▶ **Directions for this task**
Restate word for word the section of the entries that opens at the line containing "The Water Ballet 2.jpg" and closes at the line containing "Aberdeen Sea, British Wool Tweed Fat Quarter", both lines kept, pictures dropped.

▶ **Task input**
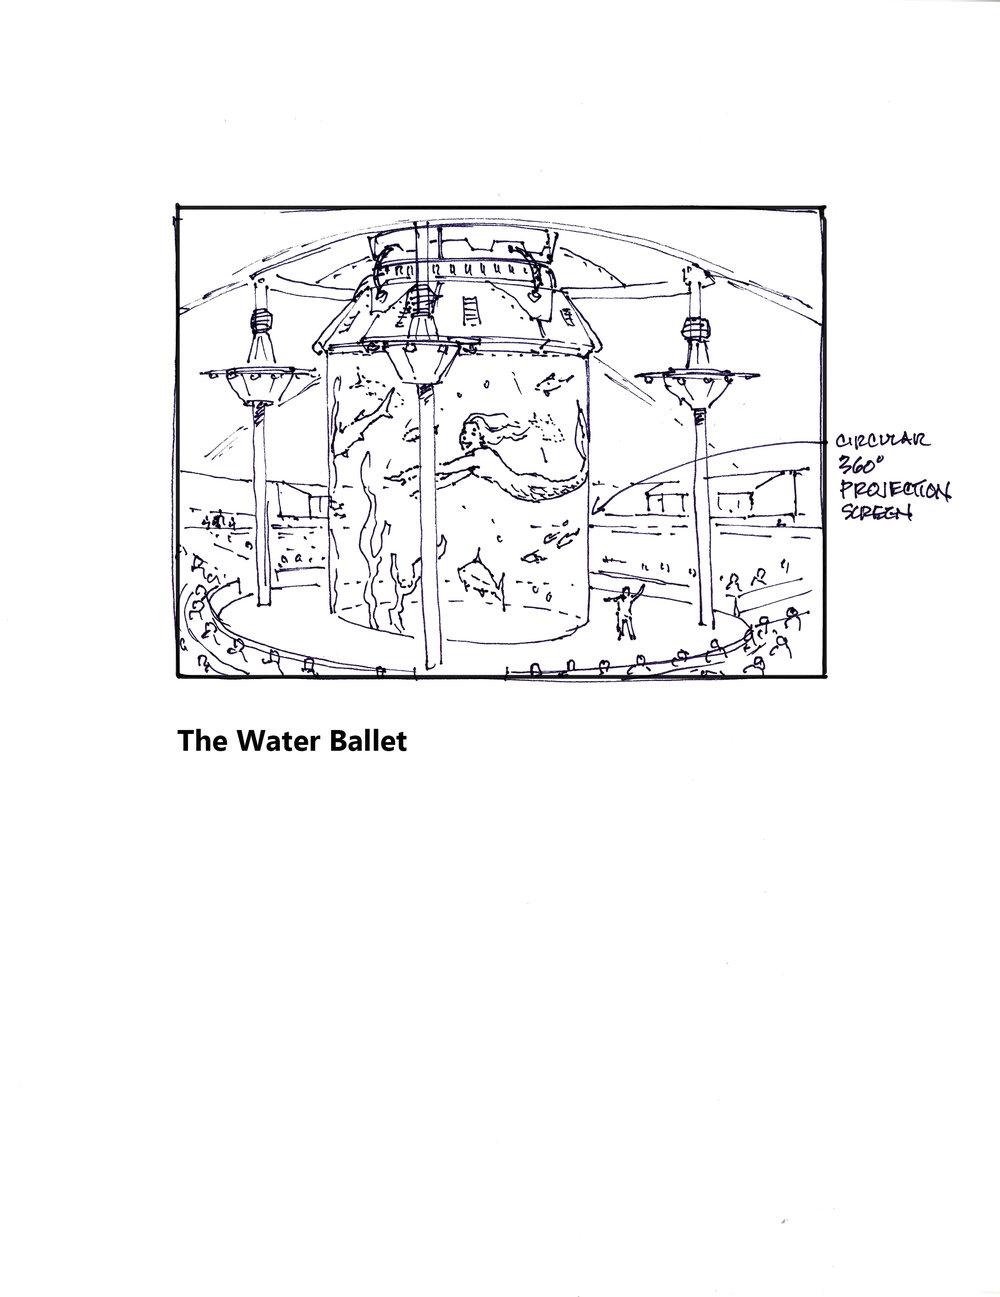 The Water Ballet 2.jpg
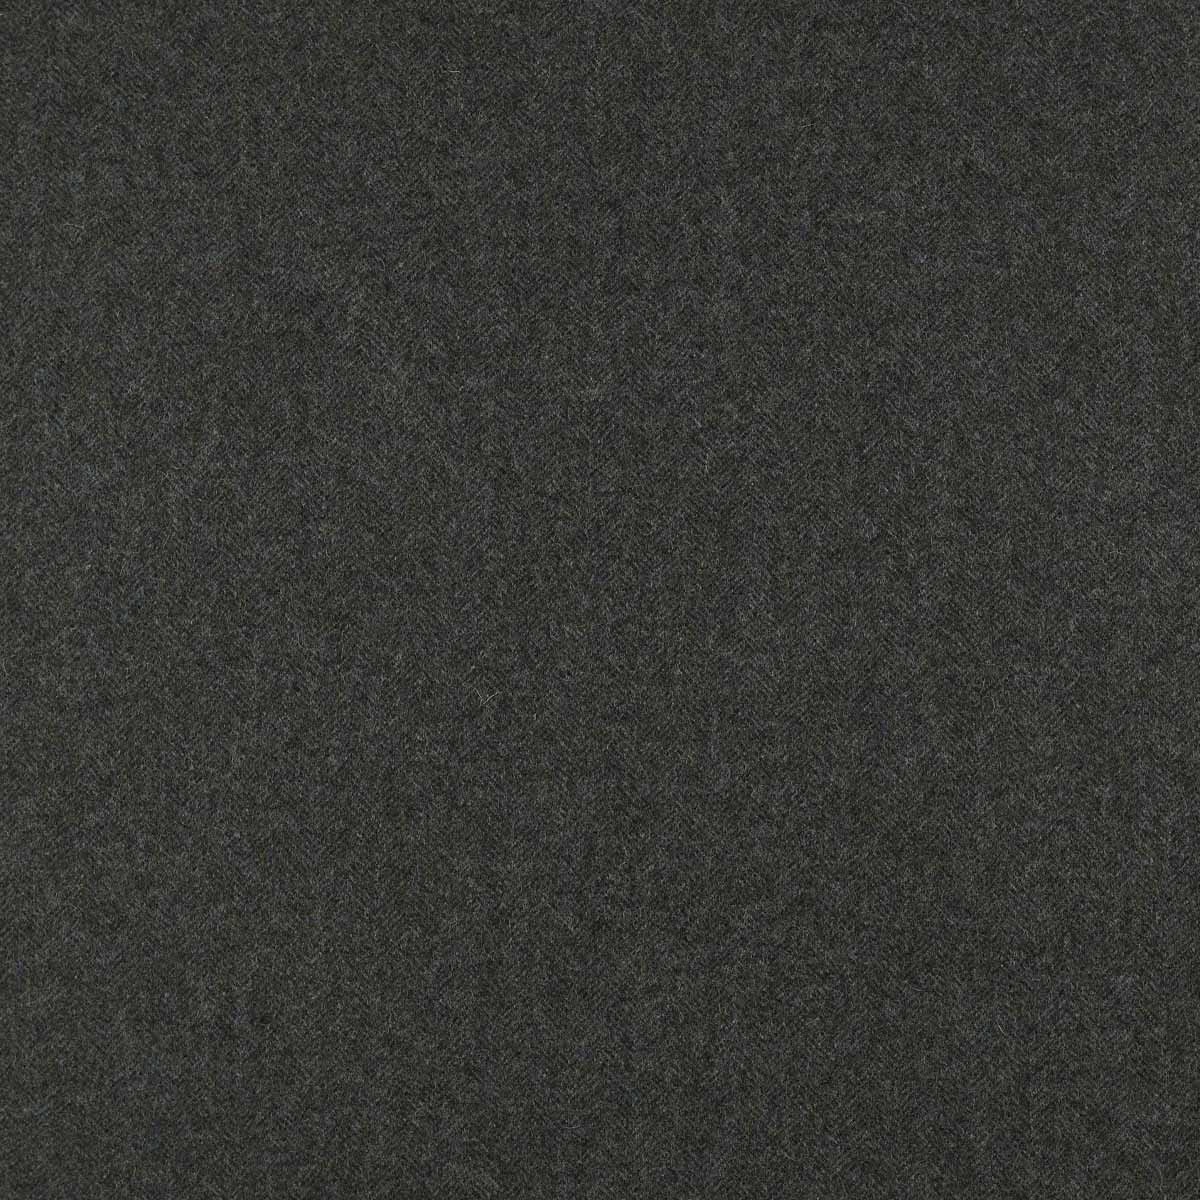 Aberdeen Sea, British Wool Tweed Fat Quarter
* * *
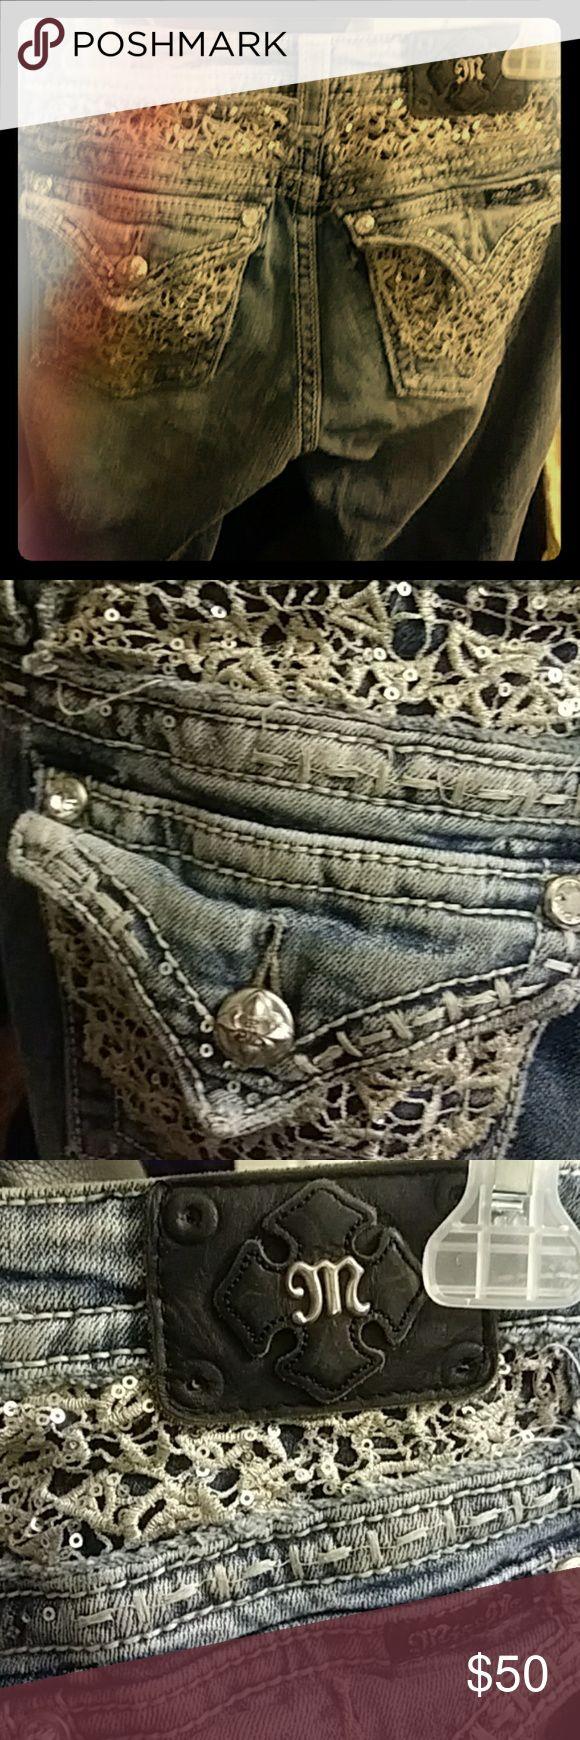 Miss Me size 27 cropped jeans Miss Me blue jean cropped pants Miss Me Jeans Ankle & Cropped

▶ **Exercise result**
 The Water Ballet 2.jpg
 Aberdeen Sea, British Wool Tweed Fat Quarter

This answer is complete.